No, it says Blackberries and Nokia phones are equally affected. The application requires 1. carrier-custom ROMs and 2. very low level access to the OS. Both are things iOS does not provide, Apple does not allow carriers to tinker with iOS images and does not allow low-level OS access (unless you jailbreak).
Do you have the slightest evidence for your claim?
> It's just more difficult to see inside a safe.
Anything can be seen on a jailbroken iphone.
> Remember the js code that showed all the places the phone have been using a mere phone backup data?
This was (explained as) a location cache the developer forgot to clean (most phones will cache the last few locations so it does not have to boot the location circuitry if an application only needing a very rough location estimate needs a fix) which mistakenly existed in a backuped location (note that unless users sent them, those backups never left their machine). And the issue was fixed in the next update (both the backuping and the too-greedy cache).
You made me wonder- is jailbreaking an iPhone the equivalent of rooting an Android phone? It's just about becoming the root user in the Unix system right? I've never played with either.
> getting root access is NOT the same as looking at source code.
Er... duh? That doesn't matter, the kind of issues we're talking about here is usually discovered via blackbox testing (not whitebox), by tracing syscalls or core API calls (no need for source access for that) as well as network communications (no need for sources either).
> loggers could pretty much do nothing if device is not stock.
And the vast majority of devices are stock.
> what else could be have 'too greedy logging' 'by mistake'? you and me will never know.
Logging has to go somewhere, logging that goes nowhere is pointless. As soon as logging goes somewhere, it can be seen and traced.
Is it unreasonable for a consumer to want complete control over a device from the moment she powers on?
Is there a certain level beneath which it is not reasonable to give consumers (optional) access? (Should consumers be prevented from "rooting" devices? Should we allow companies to maintain control over devices, e.g. having them "phone home", after they sell them?)
If yes, why?
Maybe a rootkit should just be viewed just like the crapware that comes pre-installed on a PC. Sure it will help some company and perhaps the consumer herself, if she decides to use it. But it's _optional_.
Maybe they could give consumers an easy way to opt-out.
If you're still inclined to give them the benefit of the doubt, just read the CarrierIQ website. Their ENTIRE BUSINESS MODEL is based on collecting data about mobile phone users!! Here's a choice excerptI found on their website after browsing their site for 30 seconds[1]:
Carrier IQ's Mobile Service Intelligence Platform (MSIP)...receives raw data (known as Metrics) from phones and converts them into reliable, repeatable Measures which feed into analytic applications.

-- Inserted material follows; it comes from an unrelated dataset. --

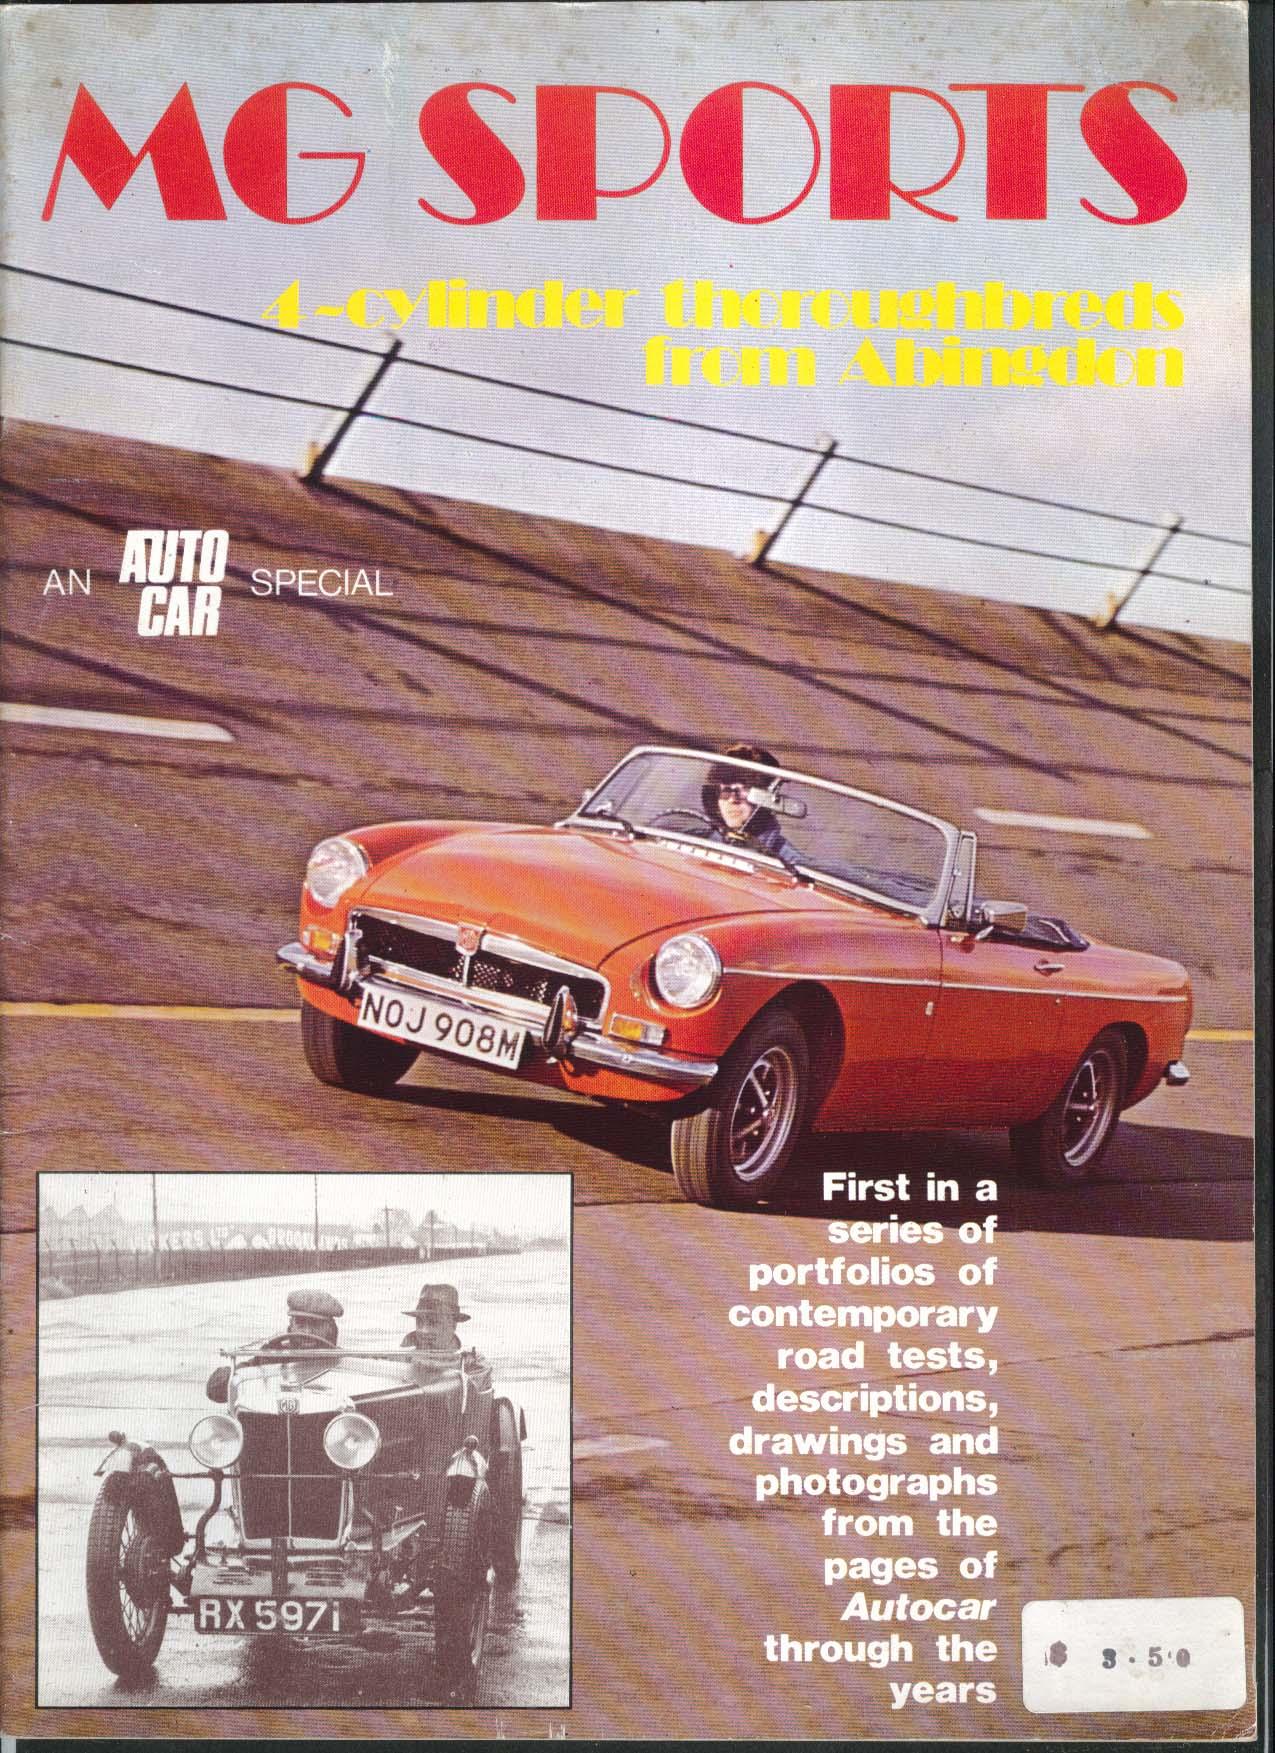 MG SPORTS Autocar Special M-type Montlhery J2 P-type PB Series T TC TD Midget ++

Or you can read this comment from a discussion last week where a CarrierIQ recruiter told an HN member that they collect 10s of gigabytes of data PER DAY.[2]
These guys are indeed collecting RAW DATA from actions on your phone. There are tremendous opportunities for abuse here, should CarrierIQ decide to do so. CarrierIQ in blatant violation of privacy norms and could do enormous damage to national security of many countries, conduct corporate espionage, or simply violate the citizens' expectation of privacy when using their phone.
This is dangerous and should be stopped immediately.